Evaluate $ \lim_{n\to \infty}\sqrt[n]{n!}$

Question

I am trying to evaluate the $\lim(\sqrt[n]{n!})$ using 2 theorems (2 proofs)

Theorem 1: Let $\{c_n\}$ be any sequence in $\mathbb{R}^+$. Then, $\displaystyle \underline{\lim}\frac{c_{n+1}}{c_n}\leq \underline{\lim}\sqrt[n]{c_n}$ and $\displaystyle \overline{\lim}\sqrt[n]{c_n}\leq \overline{\lim}\frac{c_{n+1}}{c_n}$.
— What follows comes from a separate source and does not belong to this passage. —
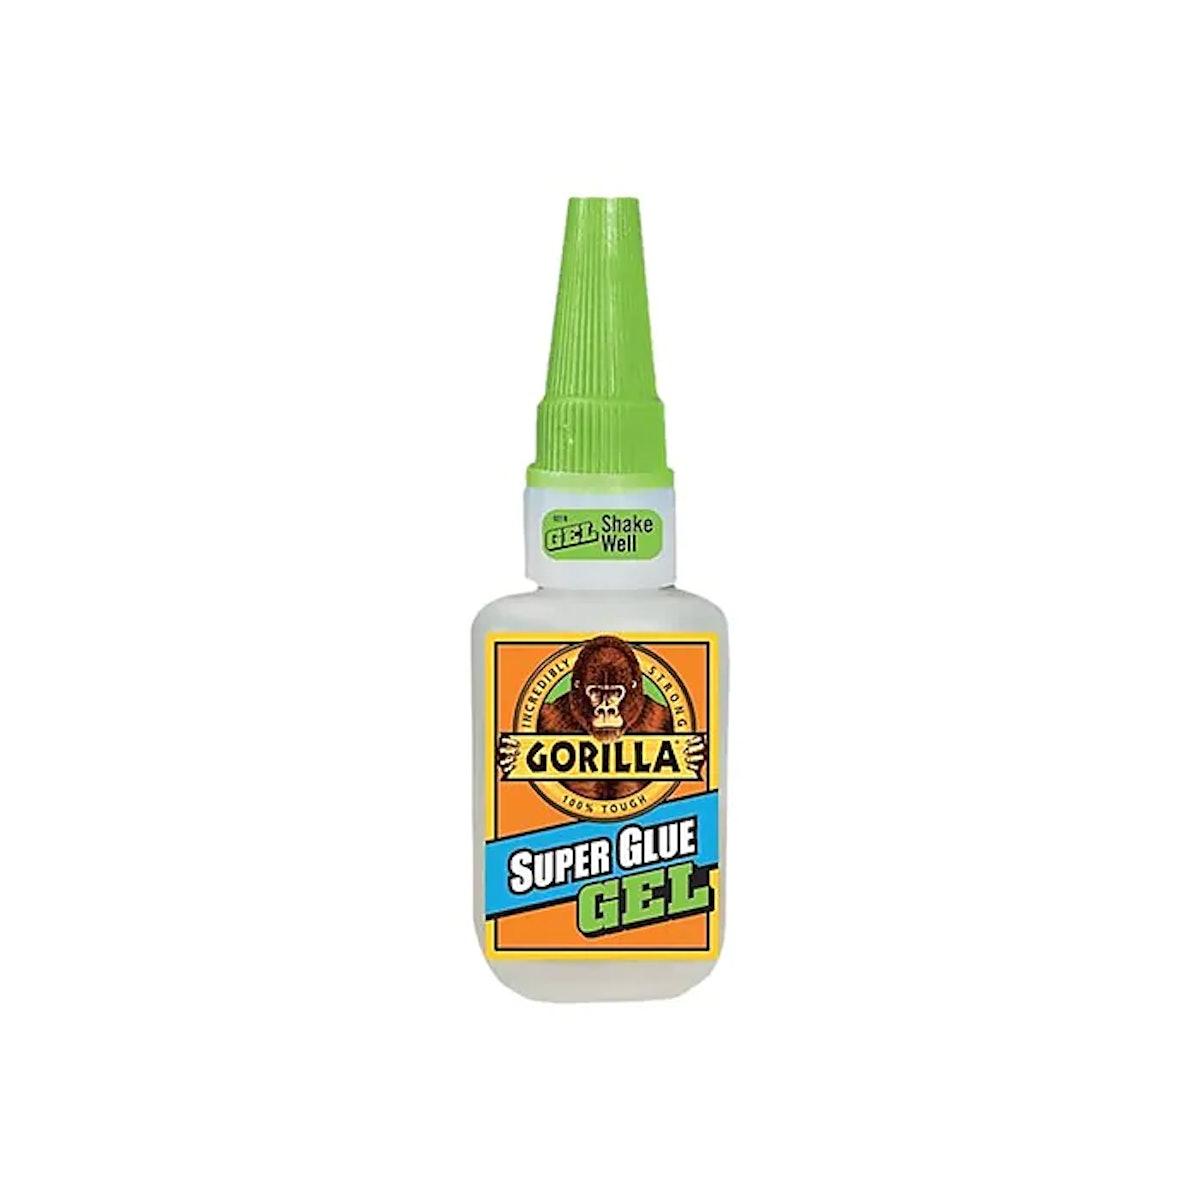 Gorilla Gel Permanent Super Glue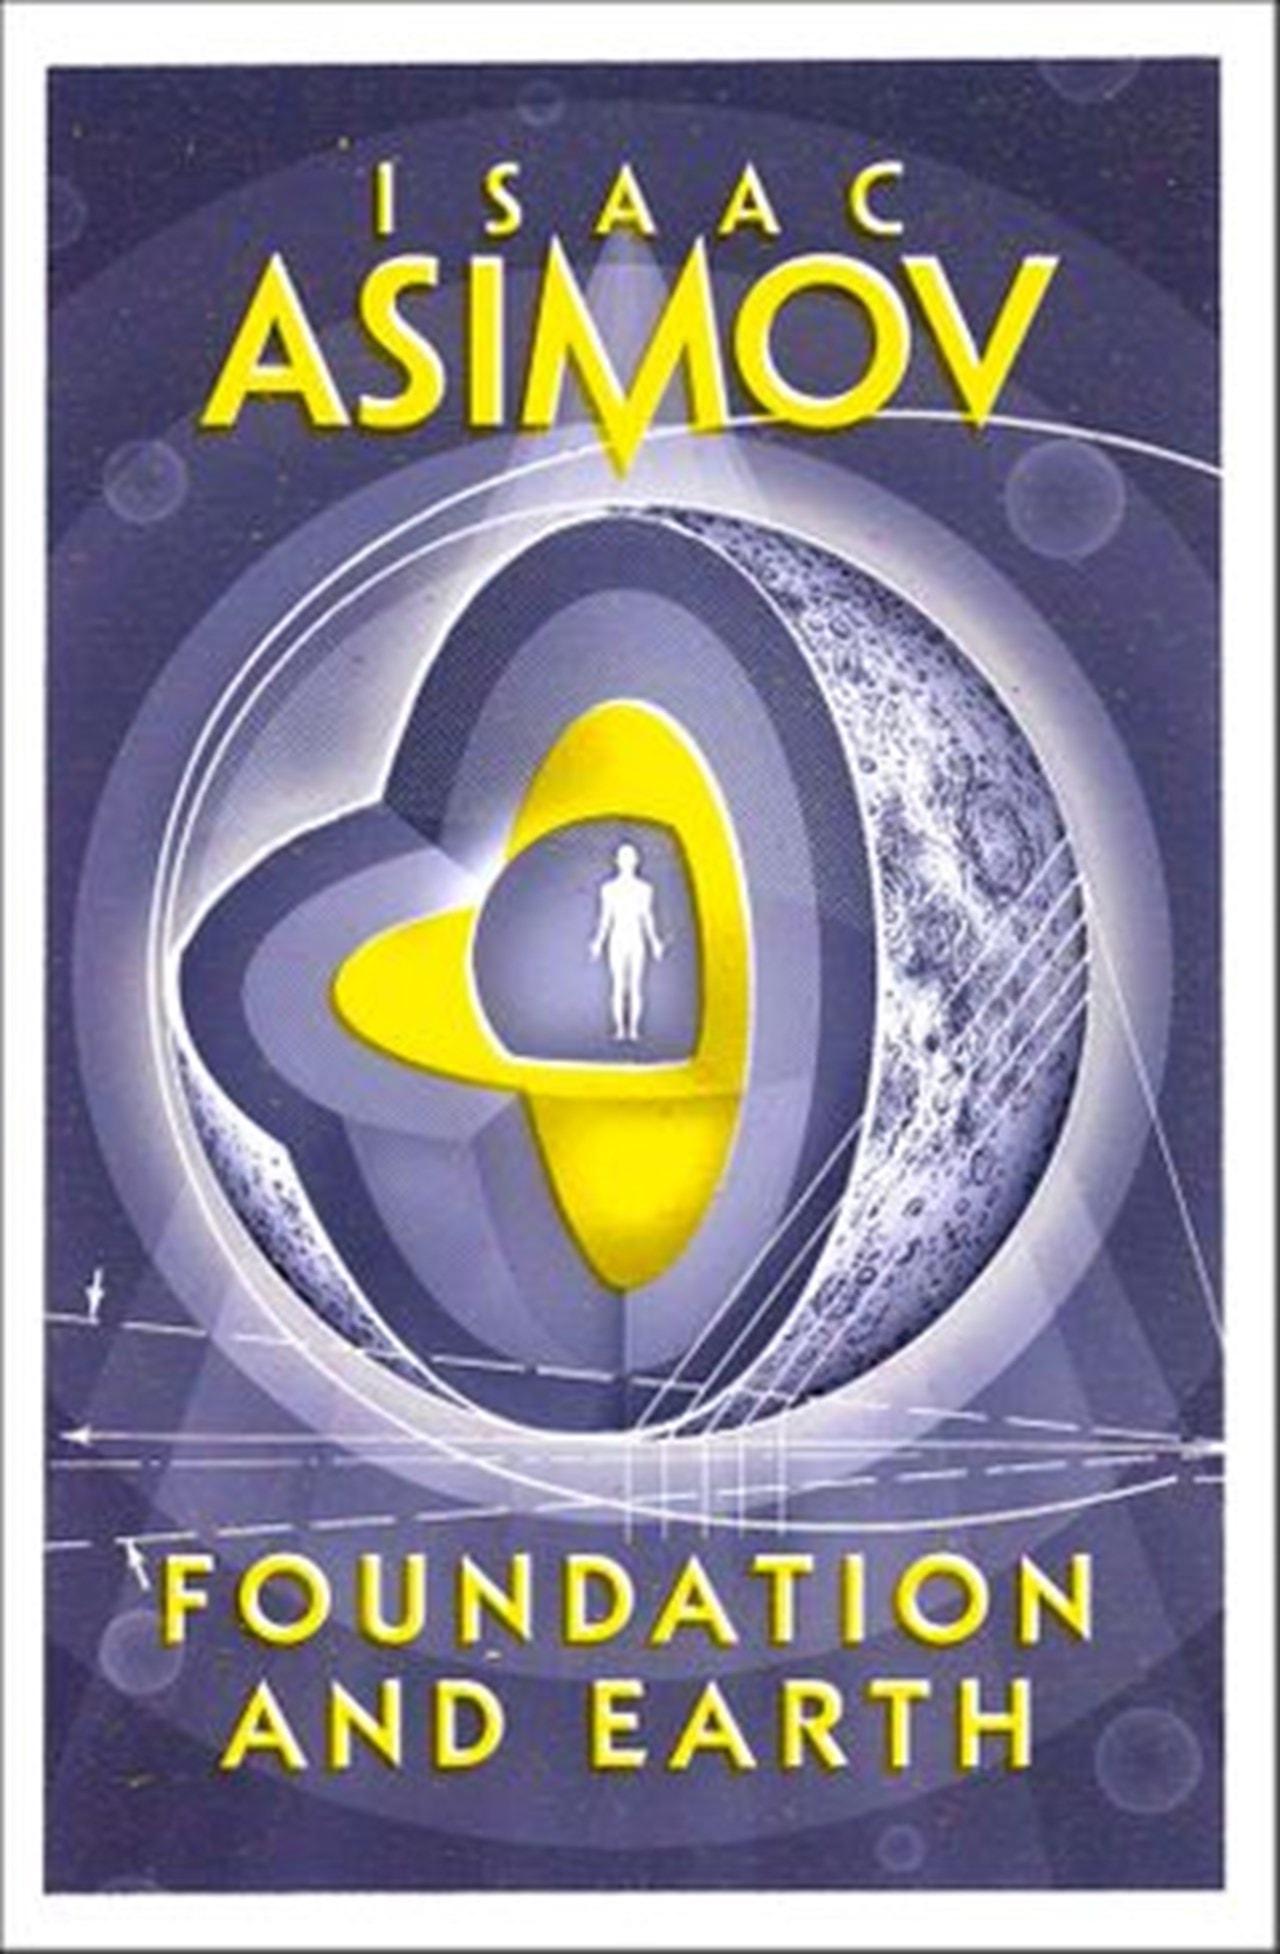 Foundation & Earth - 1

so with 1. I have $\frac{(n+1)!}{n!}$ =$n+1$ which is $\overline{\lim}=\infty$

and 2 with $\sqrt[n]{n!}\geq\sqrt[n]{(n/2)^{n/2}}$=$\sqrt{\frac{n}{2}}$ which is $\overline{\lim}=\infty$

is it valid?
P.S I was not using theorem 1 right

Answer 1

Without using the theorems, for this kind of problems which involve factorials, a very useful trick is Stirling approximation which write $$n!\approx n^n \sqrt{2\pi n}e^{-n}$$ that is to say $$\log(n!)\approx n\log(n)-n+\frac 12\log(2\pi n)$$ So, $$\frac 1n\log(n!)\approx \log(n)-1-\frac 12\frac{\log(2\pi n)}{n} $$ $$\sqrt[n]{n!}\approx e^{\log(n)-1}=\frac ne$$

Answer 2

Note that

$$(2n)! > \prod_{k=n}^{2n}k >n^{n+1}$$

and

$$[(2n)!]^{1/2n} > n^{1/2n}n^{1/2}>\sqrt{n}.$$

Similarly show

$$[(2n+1)!]^{1/(2n+1)} >\sqrt{n}.$$

Hence,

$$(n!)^{1/n} > \sqrt{\left \lfloor{n/2}\right \rfloor}\rightarrow \infty$$

Answer 3

Using an integral test for convergence, you can notice that $$\int_1^n \ln(x) dx \leq \ln(n!) = \sum\limits_{k=2}^n \ln(k) \leq \int_2^{n+1} \ln(x)dx.$$

Therefore, it can be deduced that $$e^{k_1(n)} \cdot e^{\ln(n)-1} \leq \sqrt[n]{n!} \leq e^{\ln(n)-1} \cdot e^{k_2(n)},$$ for some $k_1(n),k_2(n) \to 0$, hence $$\sqrt[n]{n!} \underset{n \to + \infty}{\sim} n \cdot e^{-1}.$$

So, indeed $\sqrt[n]{n!} \to + \infty$, but we also know that $\frac{\sqrt[n]{n!}}{n} \to e^{-1}$.

Answer 4

Using Stolz–Cesàro: $$ \log L = \lim_{n\to\infty}\log(\sqrt[n]{n!}) = \lim_{n\to\infty}\frac{\log1+\cdots+\log n}n= \lim_{n\to\infty}\frac{\log(n+1)}1=\infty, $$ so, $$\lim_{n\to\infty}\log(\sqrt[n]{n!}) = \infty.$$